A tiny group dominates Australian politics and Labor leader Kevin Rudd recently met them. He knows very well that the key to Labor's electoral success later this year is an accommodation with the Australian oligarchy.
This was what Labor under Bob Hawke achieved in the early 1980s: a clear policy understanding with a significant section of the dominant corporations. These days this means media, banks and mining. Without this, Labor will be pilloried in the corporate media, blamed for failures in investment and jobs, and rounded on by well-funded propaganda campaigns. That is why Rudd's new friend, Rod Eddington, introduced him to some mates at the Business Council of Australia (BCA).
Public opinion runs a poor second to the corporate imperative. Why else has government after government run the deeply unpopular policies of privatisation, cuts to social security, attacks on job security, regressive taxes and foreign invasions?
What is the Australian oligarchy? Who are these people? The list has recently grown shorter as media concentration and cross-directorship links have increased.
Agenda setters in the corporate media have stifled sensible public debate. News Ltd has relentlessly backed bloody war in the Middle East, PBL has pushed its privatisation agendas as news stories, while Fairfax is dominated by Liberal Party hacks. The public broadcasters have been intimidated and had their boards stacked. Some choice.
Australian banks and mining companies have become tightly cross-linked. This nexus is a peculiarly Australian feature.
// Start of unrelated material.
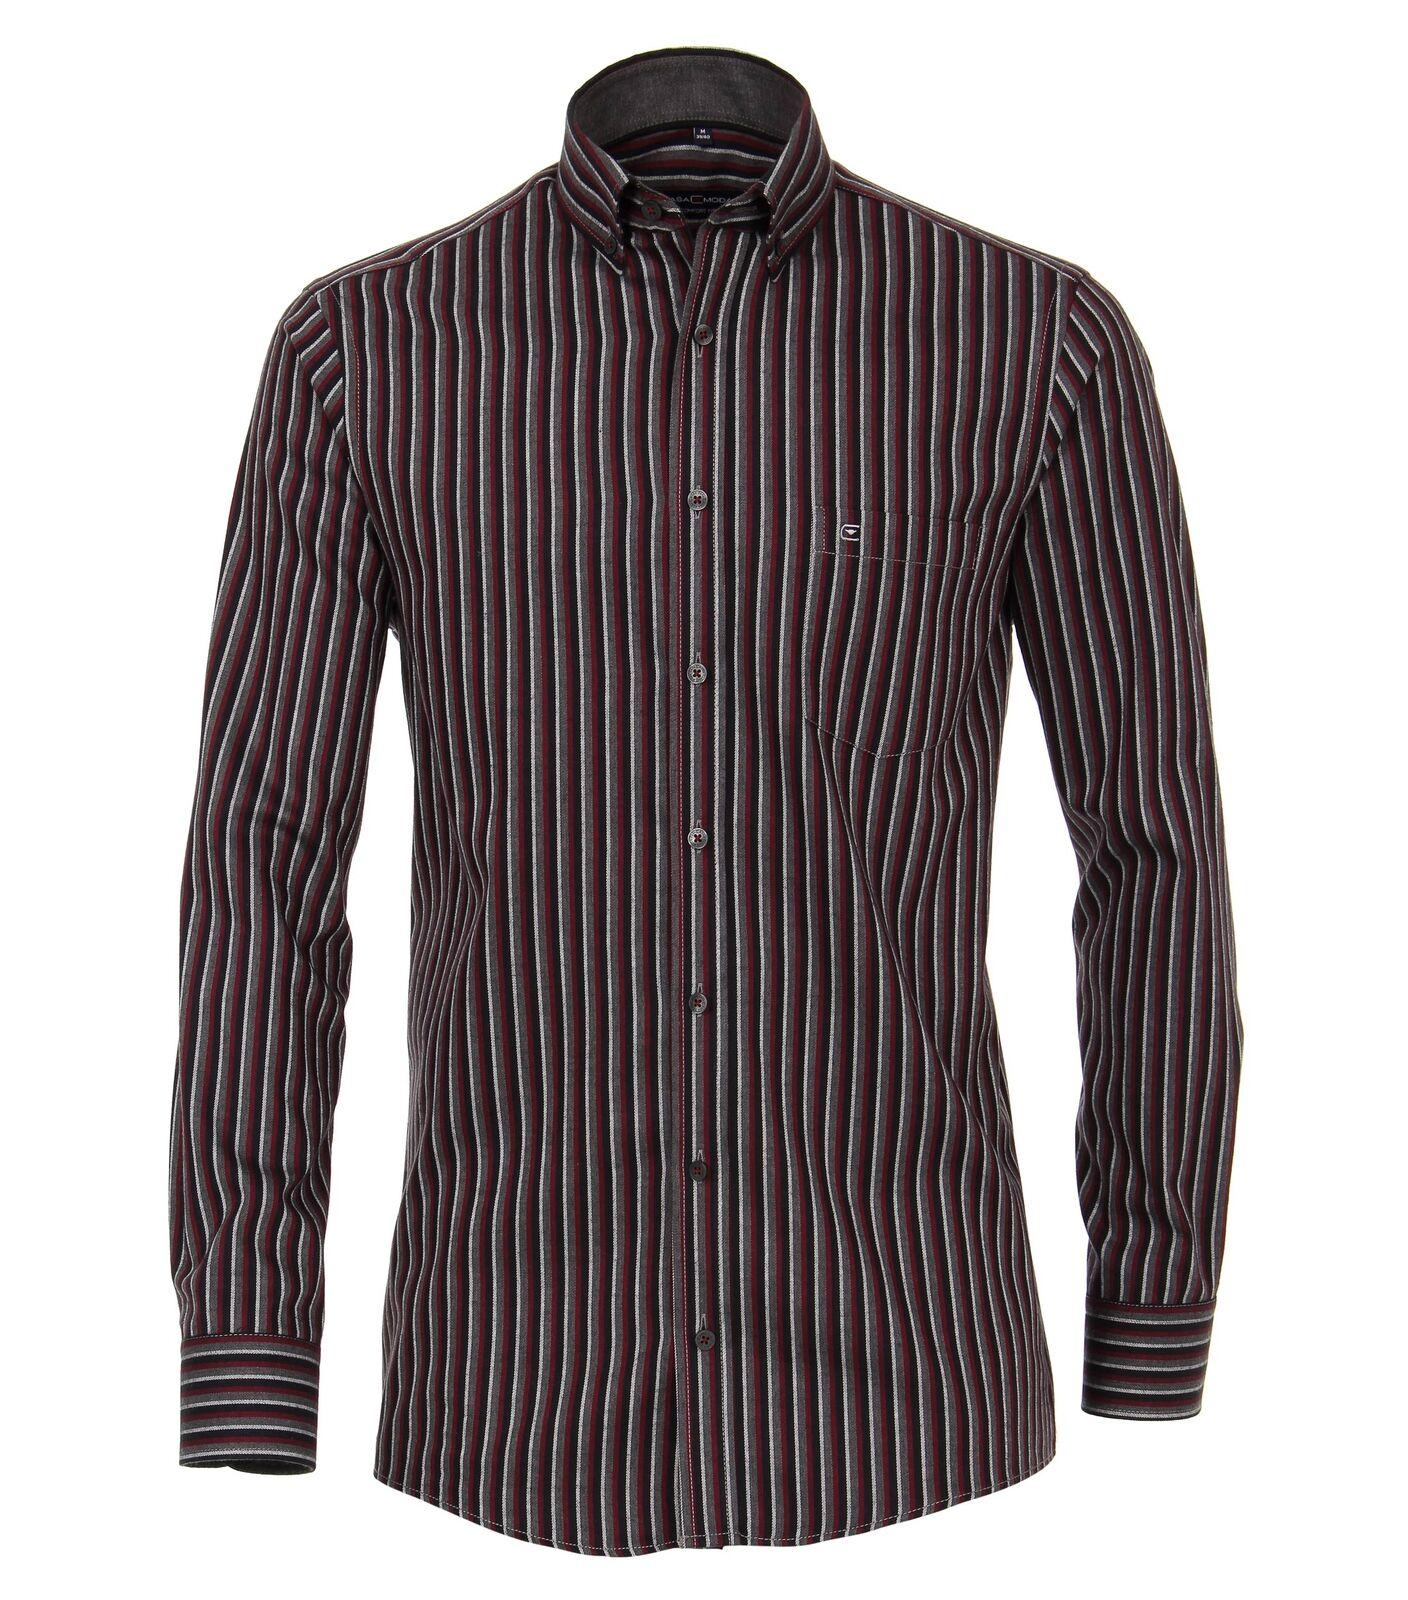 Casa Moda-Comfort Fit-Hommes manches longues Button-Down chemise rayé (483090800) (483090800) (483090800) 9679b0

Mining dominates Australian exports and banking is now a formal monopoly. The same three companies — JP Morgan Nominees, National Nominees and Westpac Custodian Nominees — are now the top three shareholders of each of ANZ, the NAB and Westpac. Rudd's new business adviser, Eddington, is a board member of both News Ltd and JP Morgan.
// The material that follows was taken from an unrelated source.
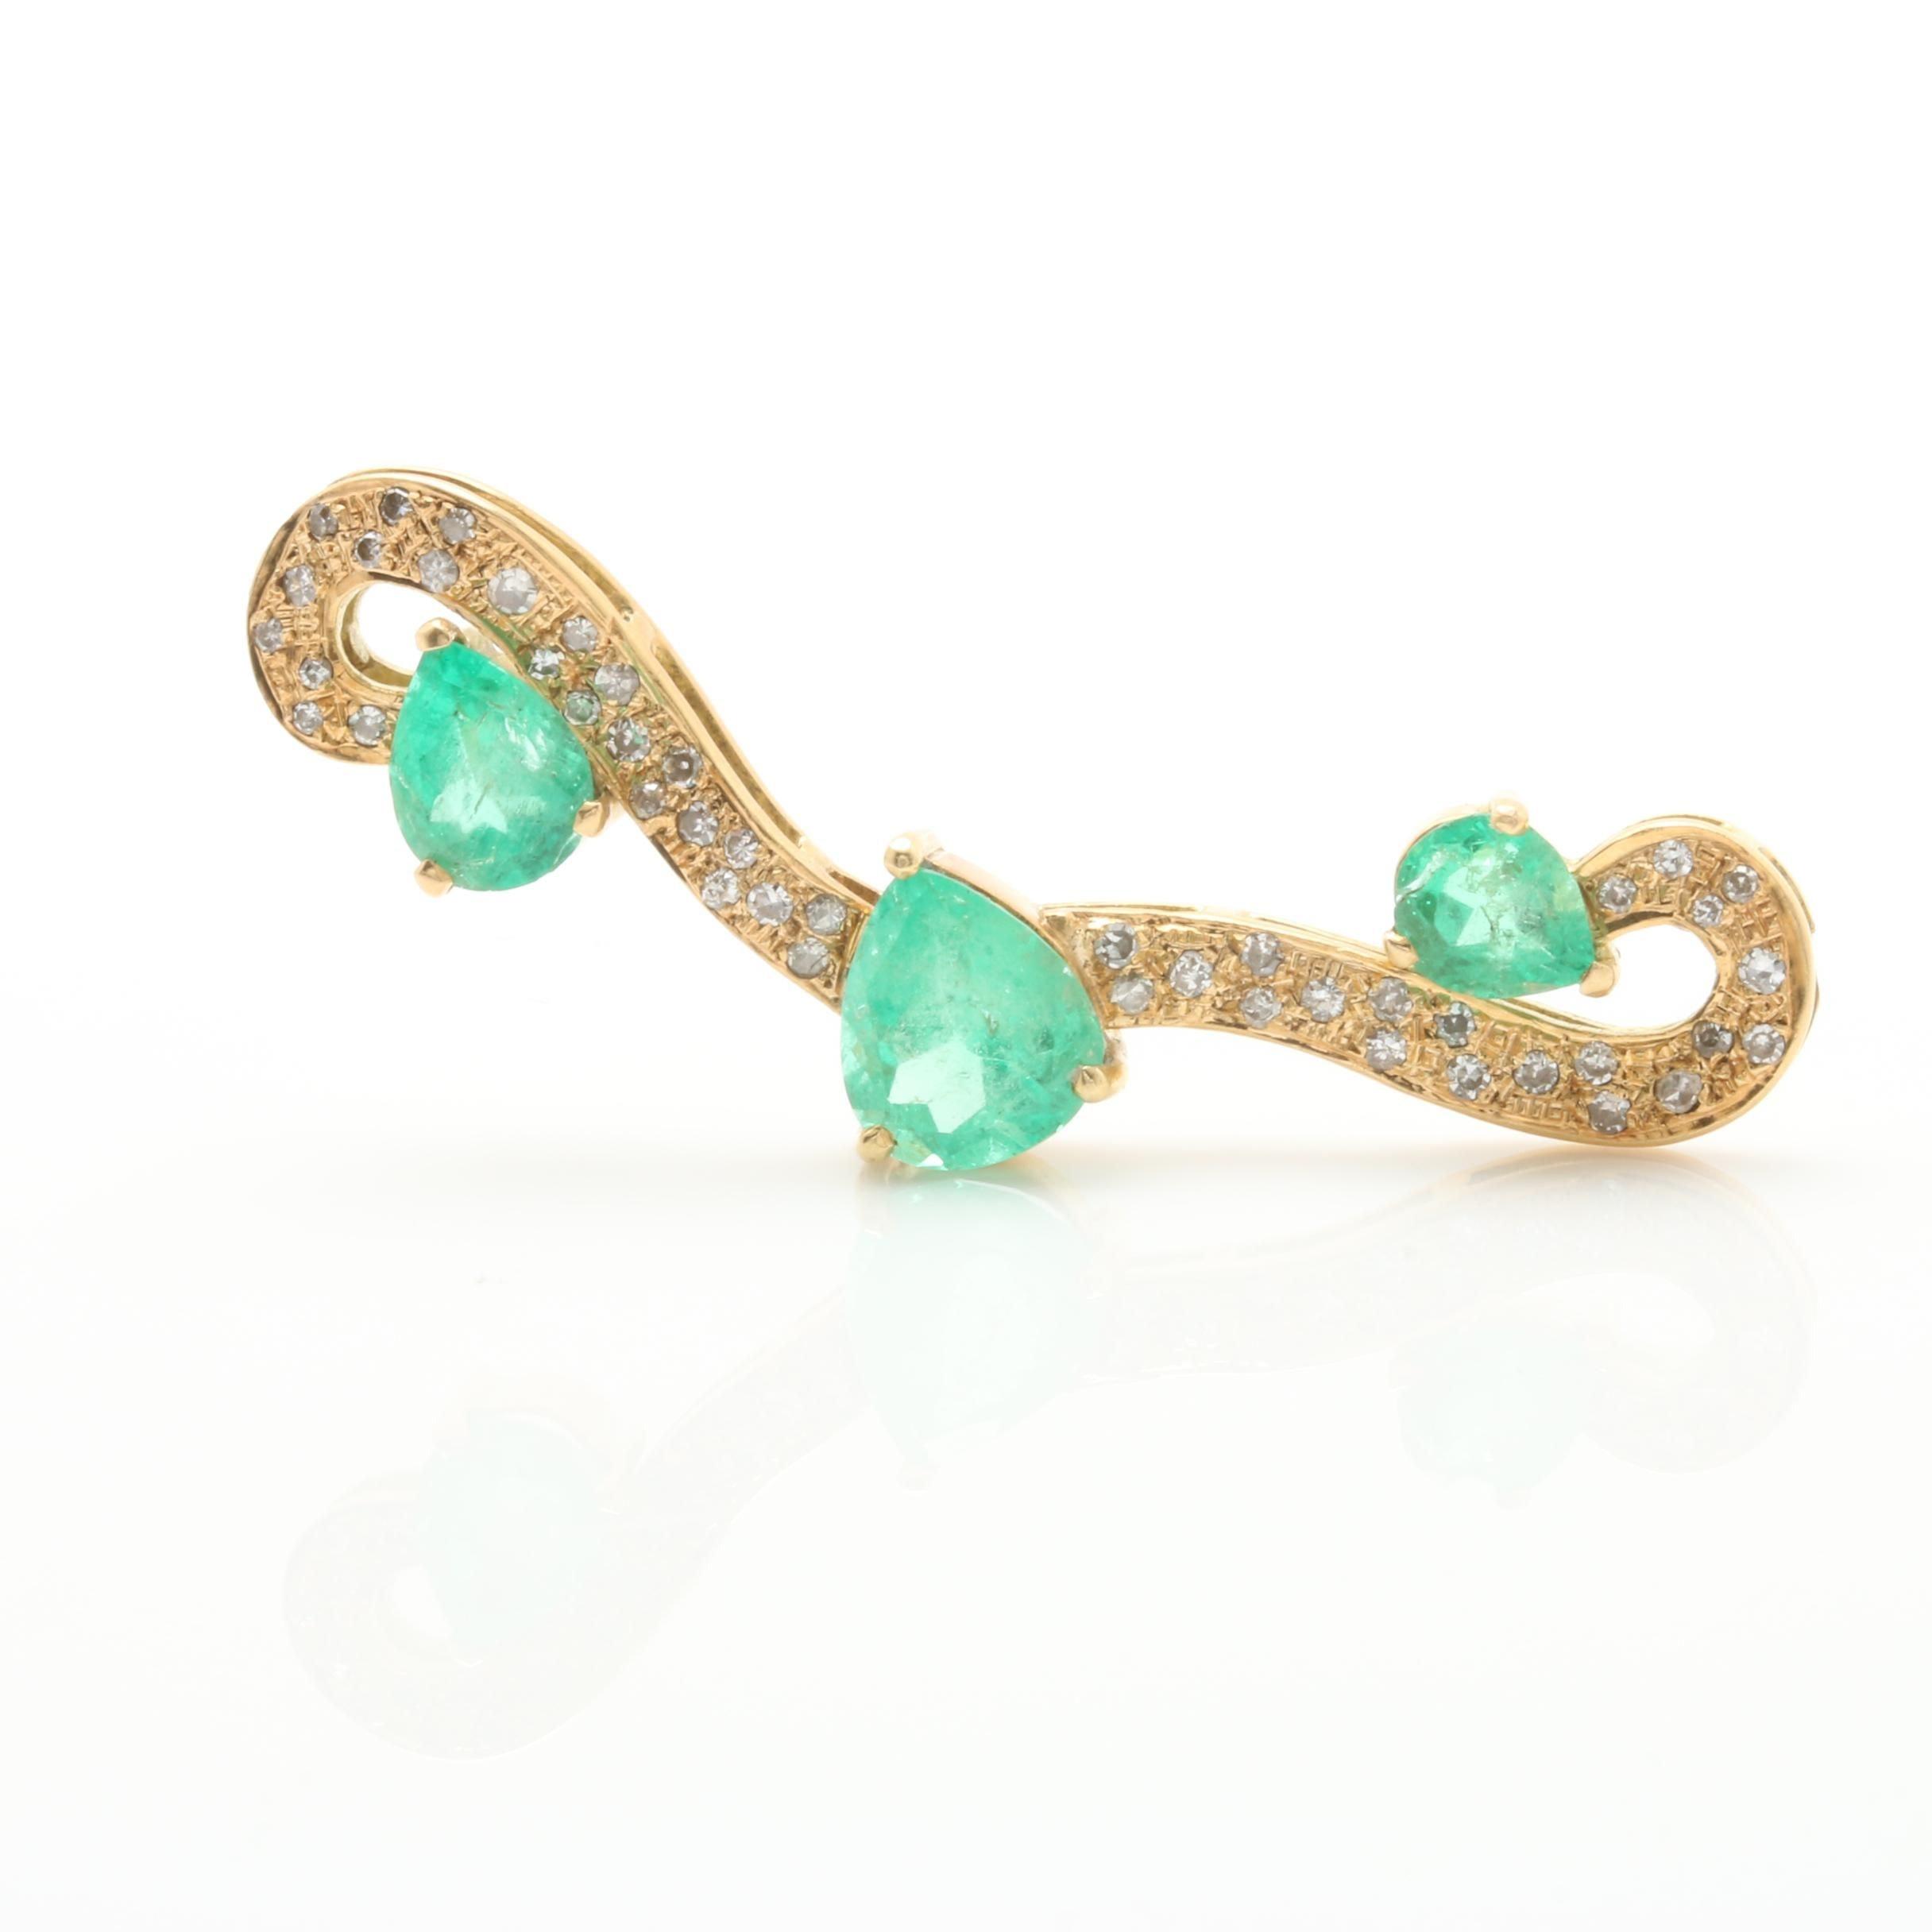 18K Yellow Gold 3.64 CTW Emerald and Diamond Pendant

A few individuals are now in crucial positions. Michael Chaney, chair of the National Australia Bank board, is also a director of Woodside and BHP-Billiton.
Charles Goode is chair of both Woodside and ANZ. Leon Davis, chair of the Westpac board, is also deputy chair of Rio Tinto. Don Argus, chair of BHP-Billiton, was formerly CEO of the National Australia Bank. A number of other directors sit on both mining and banking boards. Several former corporate media directors sit on the ANZ board. The Howard government has stacked its cronies on the boards of the ABC, SBS and other public authorities.
Though virtually unknown to the public and politically unaccountable, these characters are hardly politically inactive. Goode has organised large donations for the Liberal Party through a foundation. Chaney chairs the deceptively named Centre for Independent Studies (CIS) which, along with other corporate think tanks, is handed a substantial voice by its corporate media comrades.
These are the people (through bodies such as the BCA and the CIS) who campaigned for the GST, for Work Choices, for privatisation and for privatised Aboriginal land rights. These are the people Rudd must please. Their commitment is not so much to the Liberal Party as to policies that benefit the private investment groups they lead.
Labor was pilloried in the 1960s (by the corporate media) for being run by a group of "faceless men" in the union movement. The present reality is that corporate faceless men dominate both major parties.
Rupert Murdoch's Fox News, with its ferocious, neo-fascist propaganda, has become an icon of modern misinformation. It has been a bastion of support for the Bush administration. However, Murdoch's recent support for Hillary Clinton demonstrates that, when it comes to business, there is no essential party loyalty. A similar process might be seen in the Rudd-Eddington connection.
However, this oligarchy backed the principles of Howard's Work Choices law and are not happy with Labor's stated intention to "rip it up". This is a problem for Rudd.
What then are the constraints on Labor? What could it do in government if it regains the confidence of the oligarchy?
It might revise some social programs, adjust some environmental laws, create new corporate subsidies and reshuffle the cronies. It will not be allowed to engage in public investment that competes with private investor opportunities, scare the stock markets, interrupt the private plunder of natural resources or regulate the corporate media.
These limitations indicate a failure of political alternatives and participatory democracy. They are linked to a tightly controlled and undemocratic media, weak public debate and a moribund two-party system.
Minor parties need not face the same pressure, except to the extent that they want respectability in the corporate media. But Labor's task is clear, or, if it were not, Rudd's new friend from News Ltd and JP Morgan will have made it so.